My girls. They are my reason for living. Every. Single. Day.
Annalise was born on August 7, 2008 at 11:24 am. I pushed for two hours with her…she weighed 8lbs 12oz at birth and came out face up! From day one, she was curious about the world around her and didn’t want to miss a thing. She remains that way to this day. Never a good napper, always fighting bedtime, Annalise is the child that takes the most out of each and every day. Her infant year was trying; bad nappers tend to be a bit cranky. Though, if I could have bottled her personality during her toddler years, I would be a millionaire right now. I think we had all of two meltdowns from the ages of 2-4. She was sweet and polite, mild-mannered and lovable. She was the kid in preschool that would console other children if they fell down on the playground. To date, at 6 years old, she is smart, girly and a breath of fresh air. She is my ray of sunshine, my warmth on even the coldest day. Annalise is my lover and my nurturer.
It is astounding at how two children who come from the same genetics and are raised in the same environment can be so different. Elena was my Christmas gift in 2012. Born on December 20 at 2:11pm. I pushed for all of 4 contractions and 11 minutes with her. At 7lbs 7ozs, face down, I probably could have sneezed her out in comparison to Annalise. From the start, Elena was seriously the happiest baby I have ever seen! Would only cry when she was tired, would put her down for a nap and 20 seconds later she would be fast asleep. When I tell you she was always happy, I really, truly mean that. As we turned the corner into her toddler years, Elena developed a spitfire of a personality. The girls babysitter starting referring to her as “Baby Adolf,” partially because she was emphatic when she wanted something, and because her baby babble was sounding QUITE German! Judge all you want, but the name stuck for a good 6 months or so. She’s my climber, my go, go, go, nonstop child. Loving and affectionate, but determined and stubborn at the same time…yes… just like her mother, thank you very much!

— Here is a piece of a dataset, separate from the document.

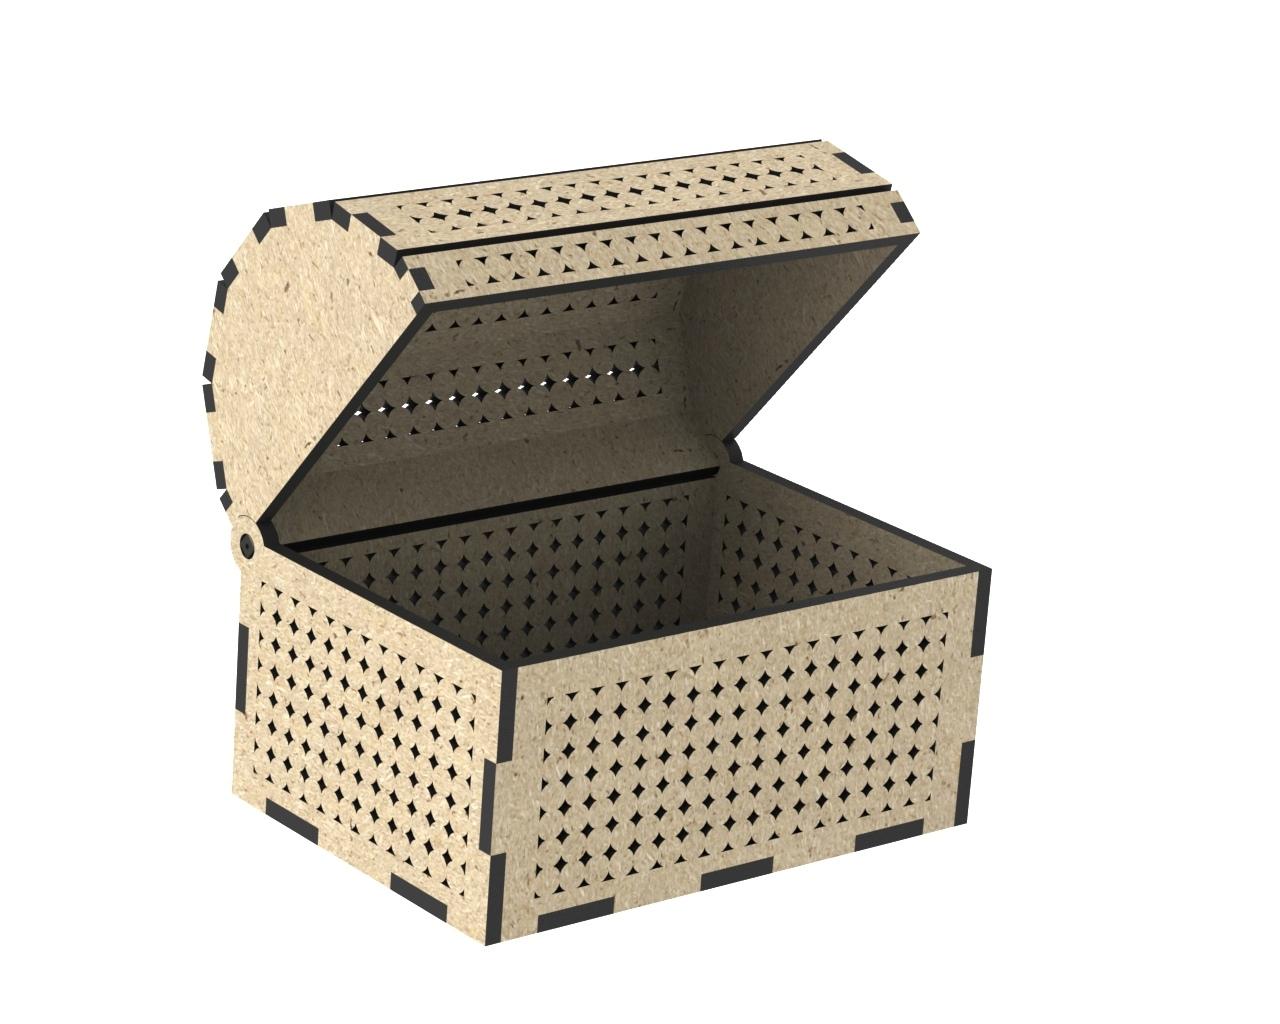 Treasure Chest Jewelry Box Laser Cut Free CDR Vectors Art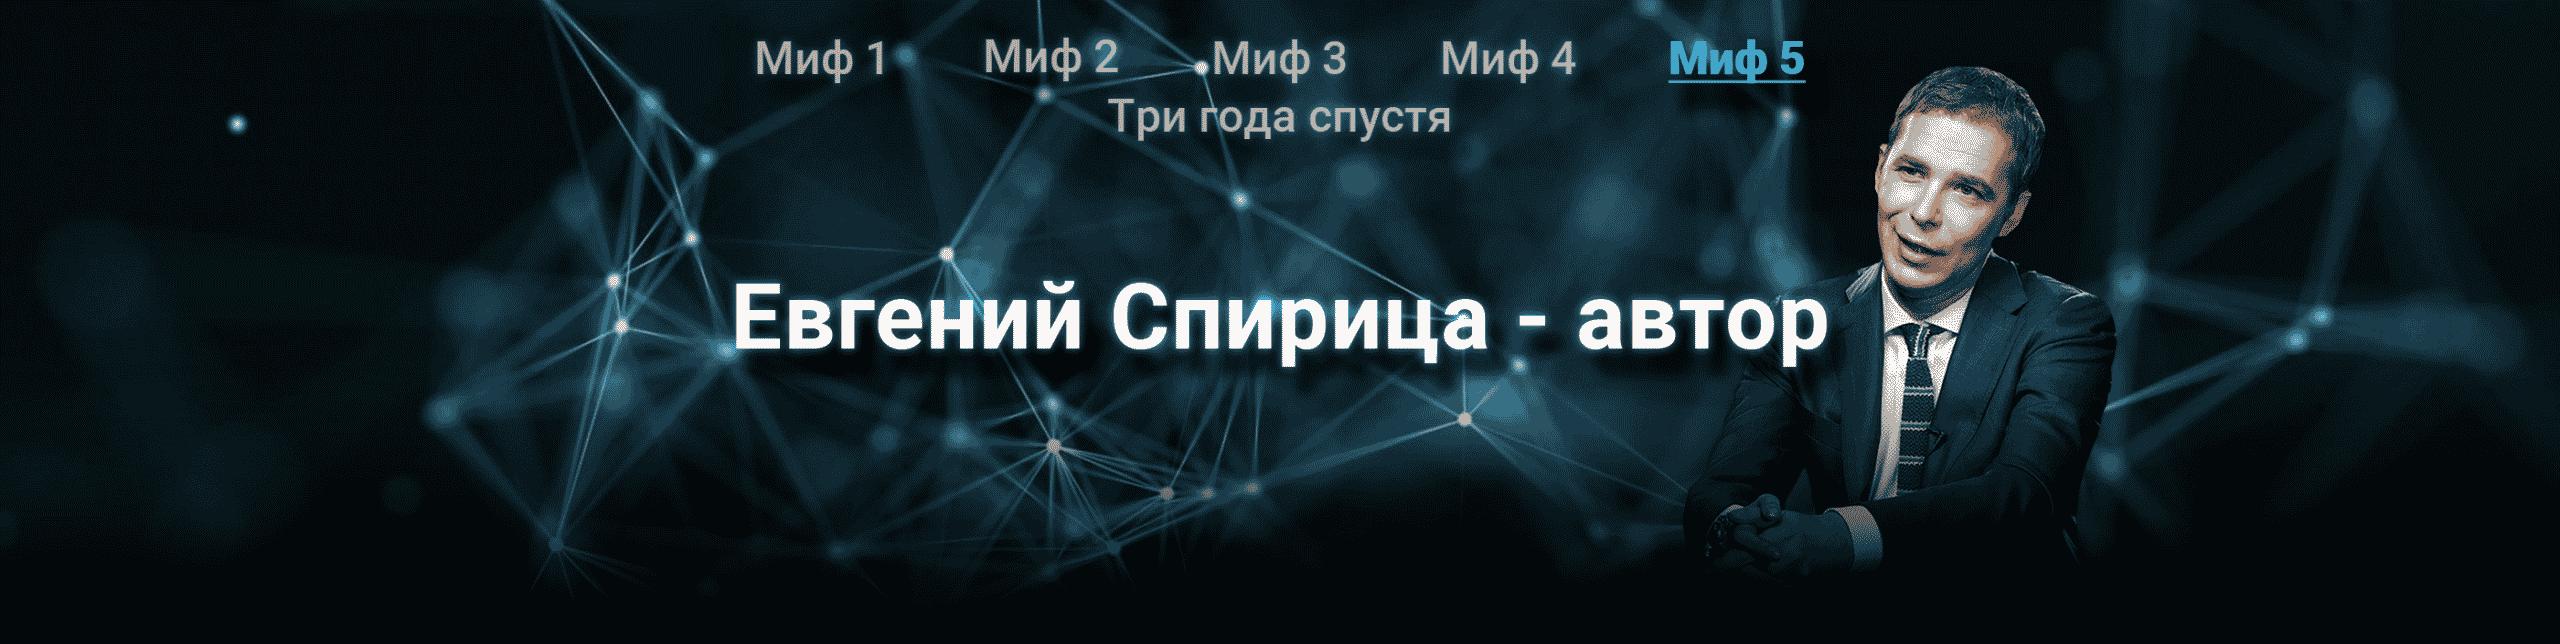 Евгений Спирица; Международная Академия Исследования Лжи; ICDS Group; Миф #5: Евгений Спирица — автор

I watch Elena as she faces cancer and chemotherapy in awe. It breaks my heart what she has had to go through in ways I cannot even begin to express. Shortly after we started treatment, I hated every aspect of it, obviously, but most particularly hated that she was too young to understand any of. She was rebellious to the core when it came to anything that had to do with being in the hospital and I can’t tell you how many times I prayed for her to have the understanding needed to make this experience easier on all of us. About a month in, I was looking at both of my girls and actually wondered how different things would be if it was Annalise that had been diagnosed. Yeah…I have not told many people that. It was not my proudest moment, that is for sure. I wasn’t choosing which child was my favorite or anything awful like that…I was just desperate for a sense of understanding that I feared Elena, at 18 months old, would never possess. Not 10 seconds after having that thought, I was bawling my eyes out, angry with myself for even thinking about it. It took me days to shake that meltdown. It wasn’t until a couple of days later that I had an epiphany. I would never want to have to choose which of my children had to go through this awful disease. But I didn’t get to choose. Life chose for me…and life chose Elena for this journey. Life chose my fighter and spitfire and spared my soft little girl. Life gave Elena the most compassionate and caring big sister to get her through this fight, while ensuring she was brave enough to face it. I don’t necessarily relish that fact, but it’s there, and even in the smallest way, gives me some peace of mind.